=== Begin Enclosure ===

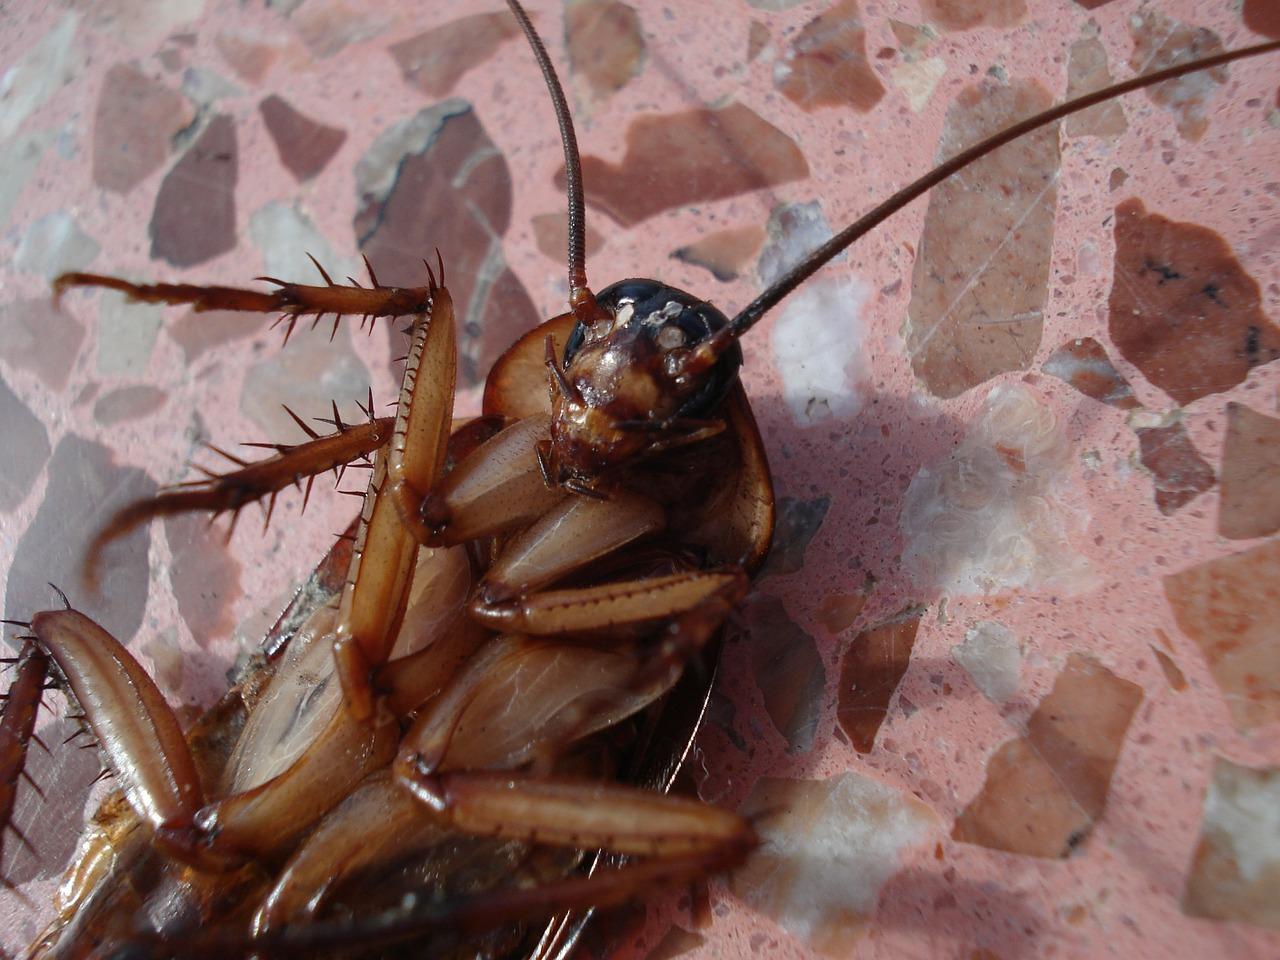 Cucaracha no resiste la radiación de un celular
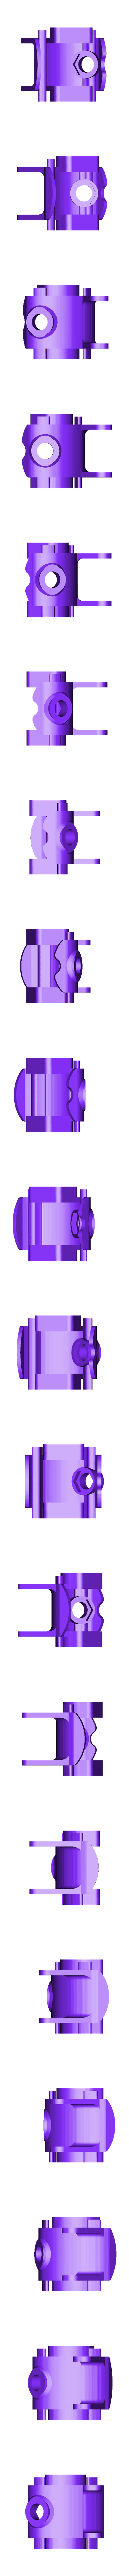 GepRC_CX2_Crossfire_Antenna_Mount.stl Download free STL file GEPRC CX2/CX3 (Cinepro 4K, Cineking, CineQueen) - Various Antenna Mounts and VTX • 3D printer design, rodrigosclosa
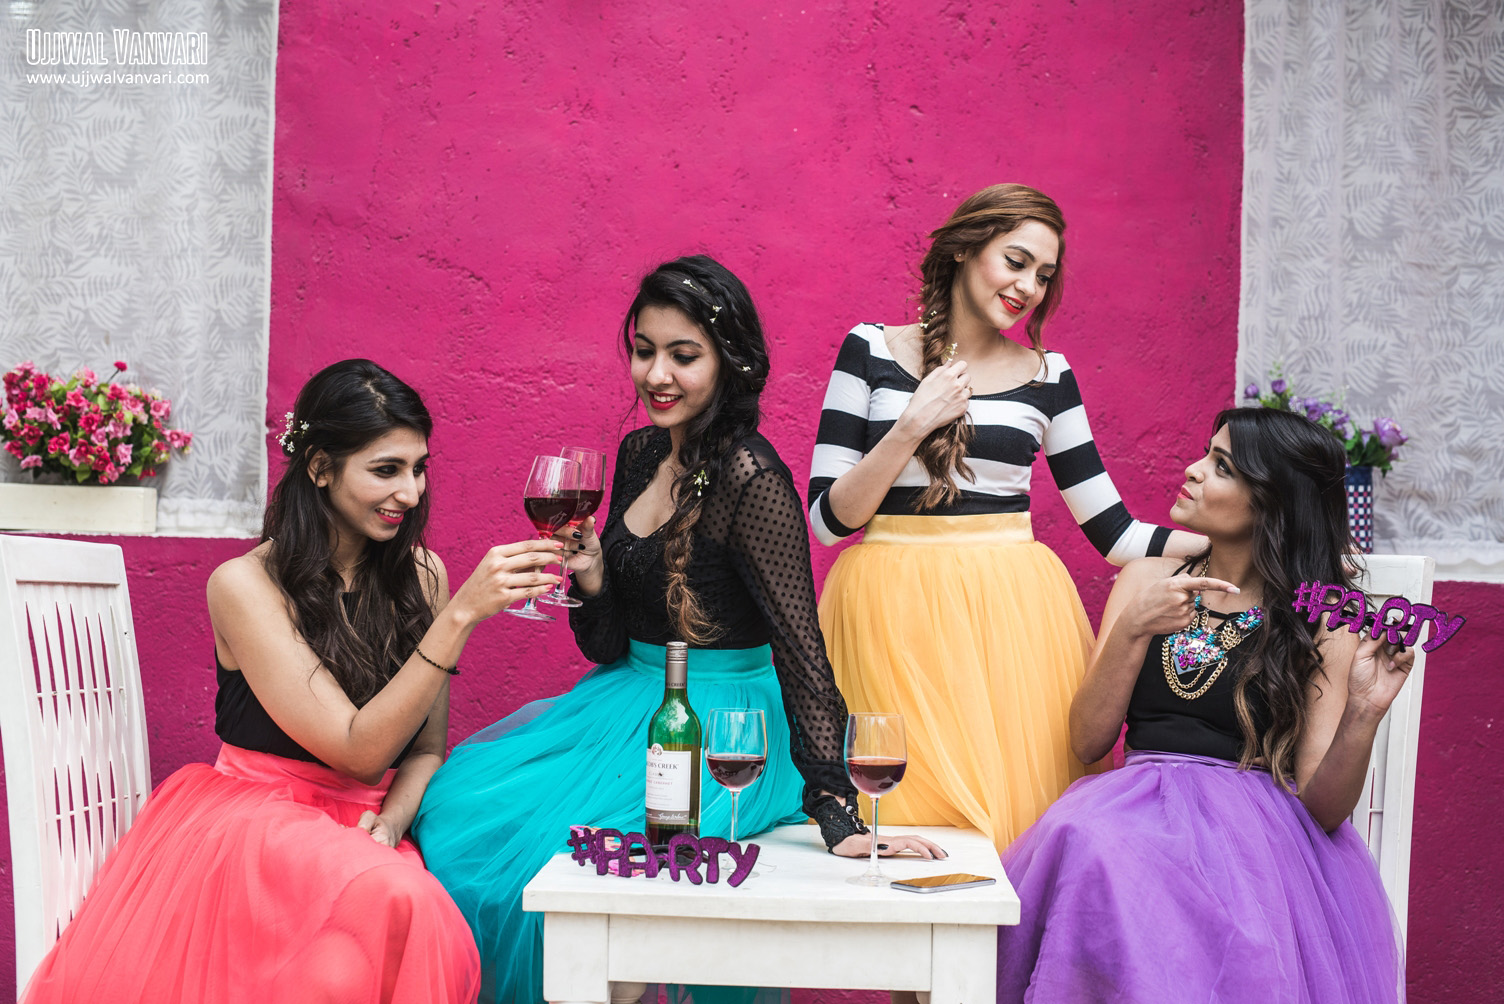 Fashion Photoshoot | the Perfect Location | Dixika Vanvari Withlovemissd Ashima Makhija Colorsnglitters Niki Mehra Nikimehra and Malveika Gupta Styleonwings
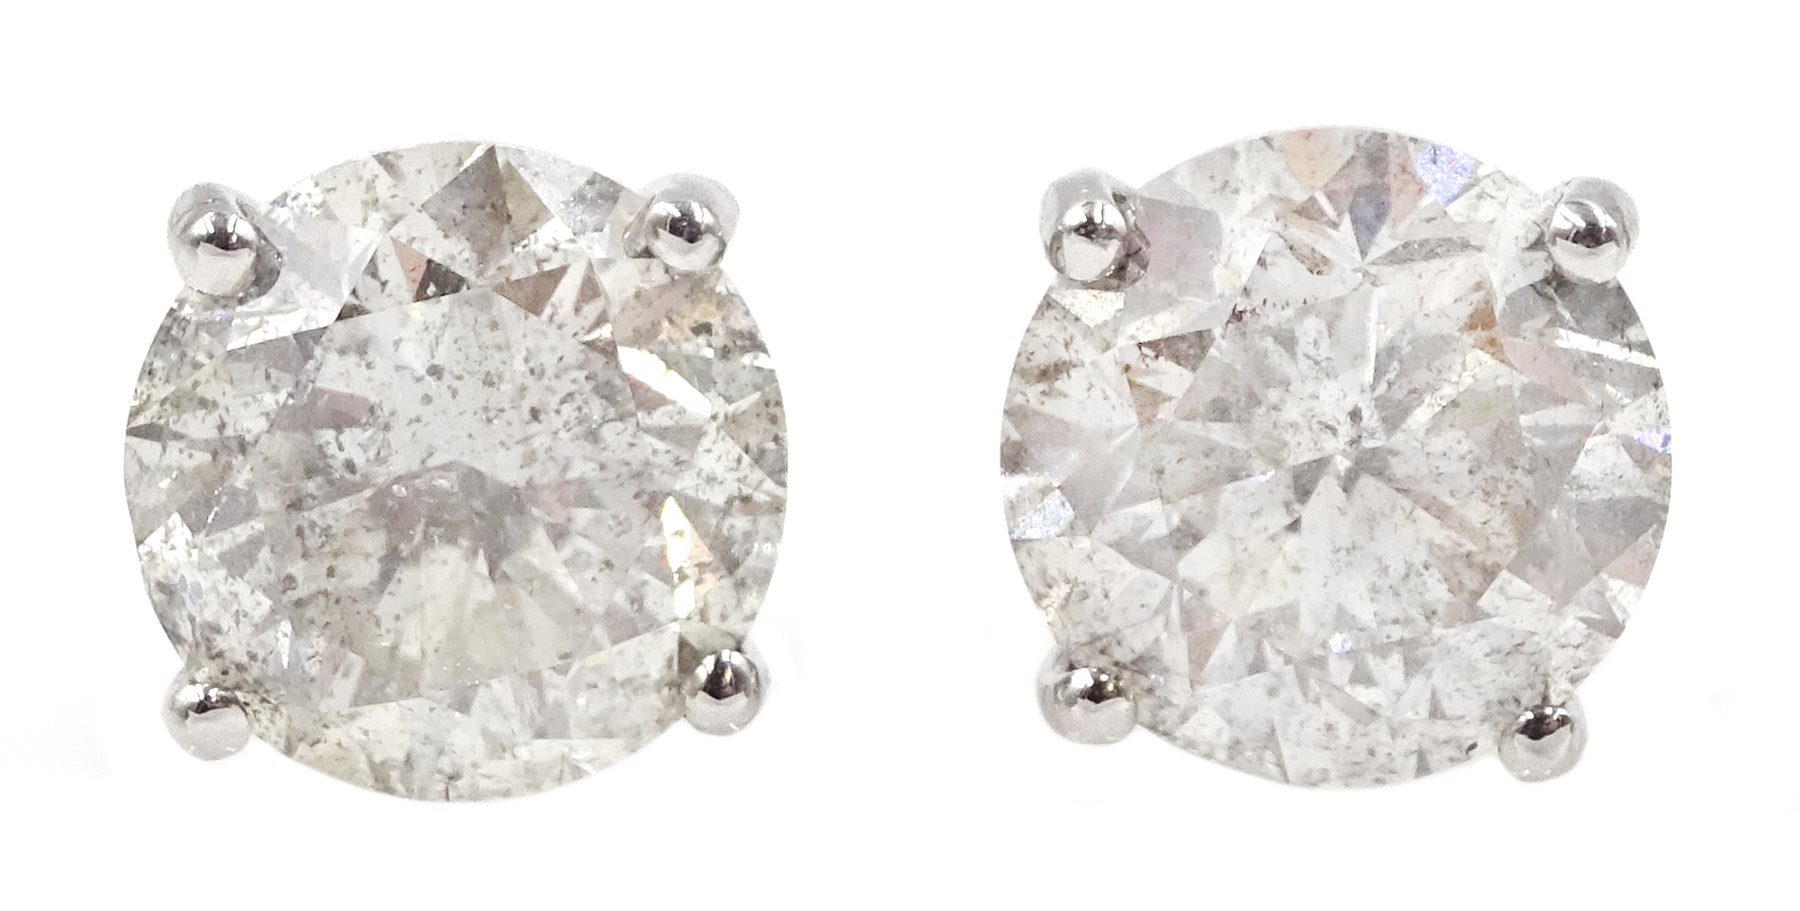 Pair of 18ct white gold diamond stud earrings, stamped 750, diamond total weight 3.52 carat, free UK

=== End Enclosure ===

● Instructions for the task:
Print all of the material exactly. Omit pictures.

● Written solution:
 Cucaracha no resiste la radiación de un celular
 GepRC_CX2_Crossfire_Antenna_Mount.stl Download free STL file GEPRC CX2/CX3 (Cinepro 4K, Cineking, CineQueen) - Various Antenna Mounts and VTX • 3D printer design, rodrigosclosa
 Fashion Photoshoot | the Perfect Location | Dixika Vanvari Withlovemissd Ashima Makhija Colorsnglitters Niki Mehra Nikimehra and Malveika Gupta Styleonwings
 Pair of 18ct white gold diamond stud earrings, stamped 750, diamond total weight 3.52 carat, free UK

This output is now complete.